学生時代の友達が台北に遊びに来てくれました。
四人は東京、一人はアメリカ、総勢五人のアテンドをこれでもか、これでもかと行程表という名の旅のしおりに肉付けをして、到着前の数日は眠れないほど大興奮。
東京組は羽田発・台北松山空港着。日系航空会社を選んだので、本人たちに任せておけばいいだろう。・・・と思ったら、
「E-Ticketって何?」
という爆弾発言や、出発当日になって
「ねえ、出発って羽田だっけ、成田だったっけ?」
と、聞かれたこちらが内股になって膝が震えるような質問も飛び出し、出発前から珍道中になることが透けて見えてきました。私はといえば、内股のまま褌を締めなおしたと言っておきましょう。褌はもってないけれど。
海外在住の友達の家に泊まるとき
アメリカから来る友達は、長年の外国暮らしで里帰りや旅行の機会も多いから、旅の手配は慣れていました。
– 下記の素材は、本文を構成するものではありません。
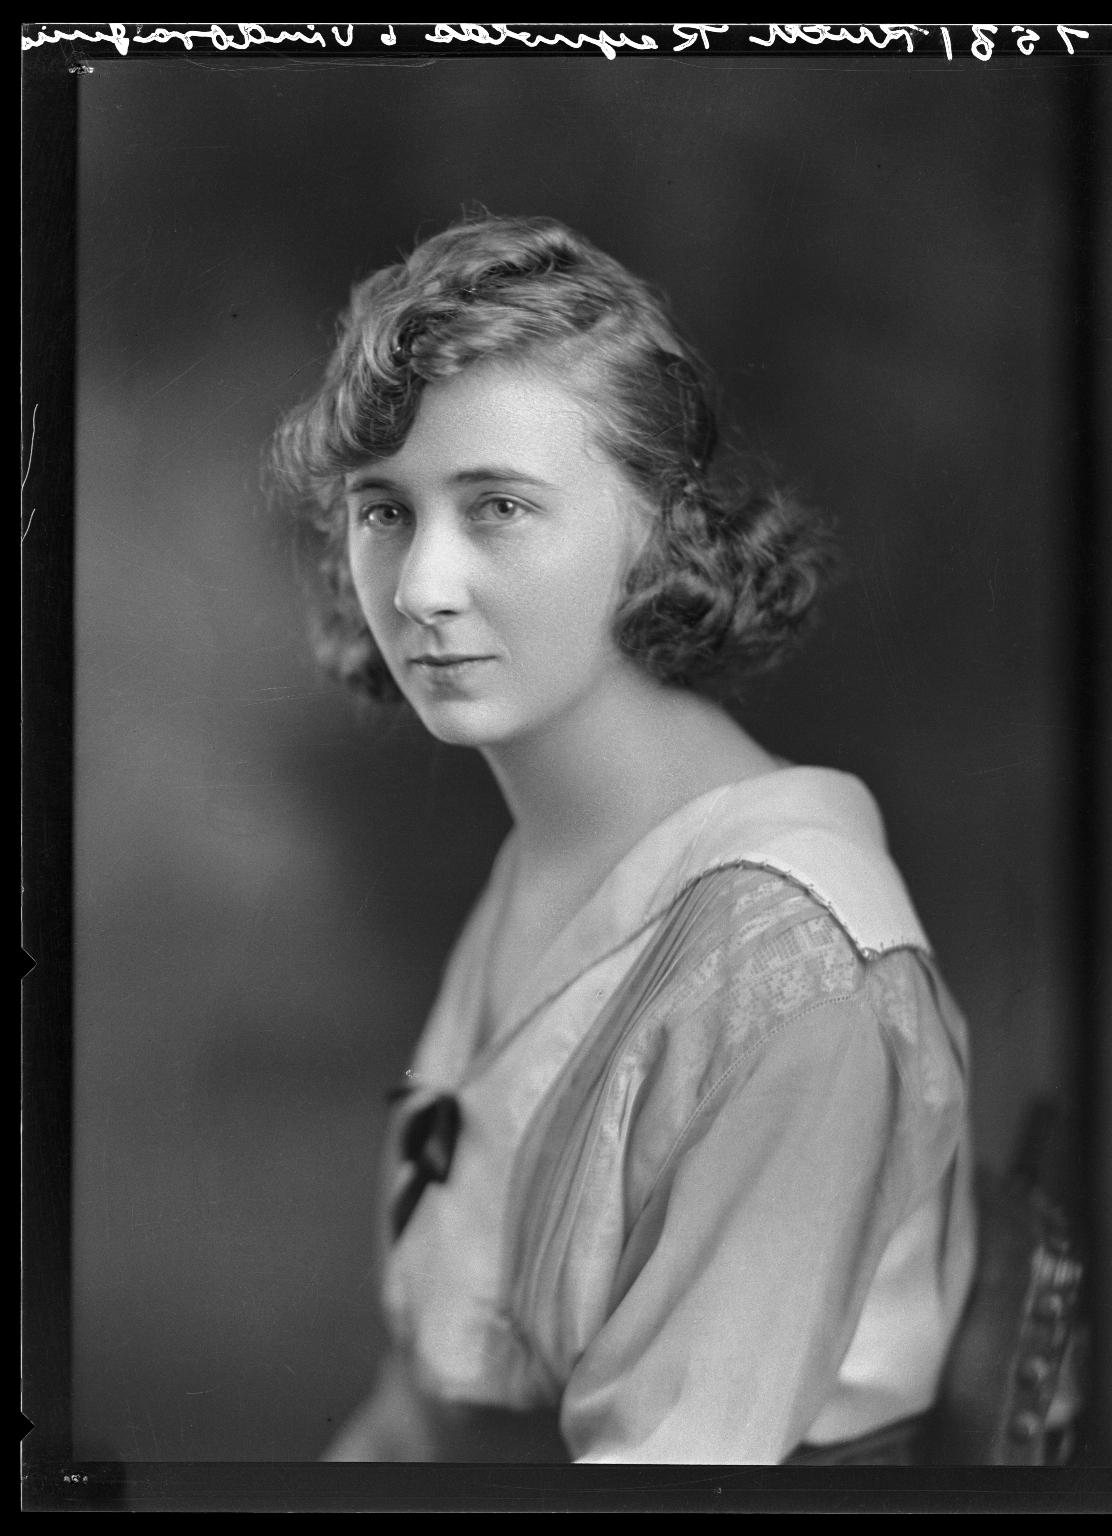 Portraits of Ruth Reynolds

けれども、彼女だけは出発地や航空会社の関係で成田経由の台北桃園空港着。しかも、他のメンバーより一日早く到着する。
「悪いんだけど、台北で先に一泊するホテル探してくれないかな」
そんなメッセージが来たので、
「うちに泊まりなよ。猫がいるし、狭いけど」
「いや悪いからいいよ。仕事でしょ?疲れてるだろうし迷惑だよ」
私がホテルを紹介しないものだから、自分でホテル予約サイトでピックアップしたいくつかのホテルの評価をしてくれという。彼女が使ってたのはこのふたつのサイト。居住国の通貨でも価格をチェックできるから、彼女はUSD、私はNTDで同じホテルの値段を見てました。
Booking .com
http://www.booking.com/index.ja.html
トリップアドバイザー
https://www.tripadvisor.jp/Hotels
「あんたが選んだホテル、どこも私知らないところばっかりだわあ。夜遅くについて初めての台北で、そのあたりで英語通じないって。スーツケースひきずってうろうろしているかと思ったら心配で眠れないし、そっちの方が迷惑。だからうちに泊まって!猫が怖くなければだけど」
お互いに遠慮なし。友達も、海外暮らしが長く「人の家に厄介になる人」をこれまでアテンドして来て苦労がわかるからこそ、「迷惑をかけたくないから」と言ってくれました。私も同じ苦労をしてきた。滅多なことでは「うちに泊まって」なぞ、自分から言いません。
海外旅行の非日常、まともなはずの人たちが、変なテンションで人が変わるのを何度も見てきました。使い荒らされた寝床をため息ついて片付けたこともある。
友達を他人にしたくないから、無暗に家には泊めない。私自身も、人の家に泊めてもらうより、ホテルでだらだらしたいです。
でも、この友達はちゃんと自分で手配して泊まるところを探そうとしていた。私に迷惑かけたくないから、と気づかいをしてくれた。最後に会ったのは東京で、多分10年以上前。でも、大丈夫だと思うのです。
何十年ぶりの再会?なのにノンストップ
桃園から松山までバスでやってきた友達を出迎えてタクシーに乗り込み、家に着いたら早速台湾ビールで乾杯して、夜中まで喋って、笑い転げました。一番心配だった猫のことも、この友達は動物好きで普通にしていてくれたし、猫も「この人いい感じ」と察したのか、友達の足元にごろんと横になってくつろいでいた。
長旅でダメージがあるだろうから、以前習った足マッサージをしてみると、疲れや寝不足に影響する足の親指がふわふわと柔らかい。
「眠れた?寝不足の相が全く出てないんだけど」
「うん!飛行機で爆睡した」
そんなことだけでもまた笑い転げてしまう。それから、共通の友人がそれぞれの国に遊びに来た時、どんな我儘に振り回されたかをお互い悲惨自慢。
ふたりでセルフィーしようとしても、笑いすぎて手ぶれがひどく、今見返してもぼやけてしまっている。それほど楽しかったということです。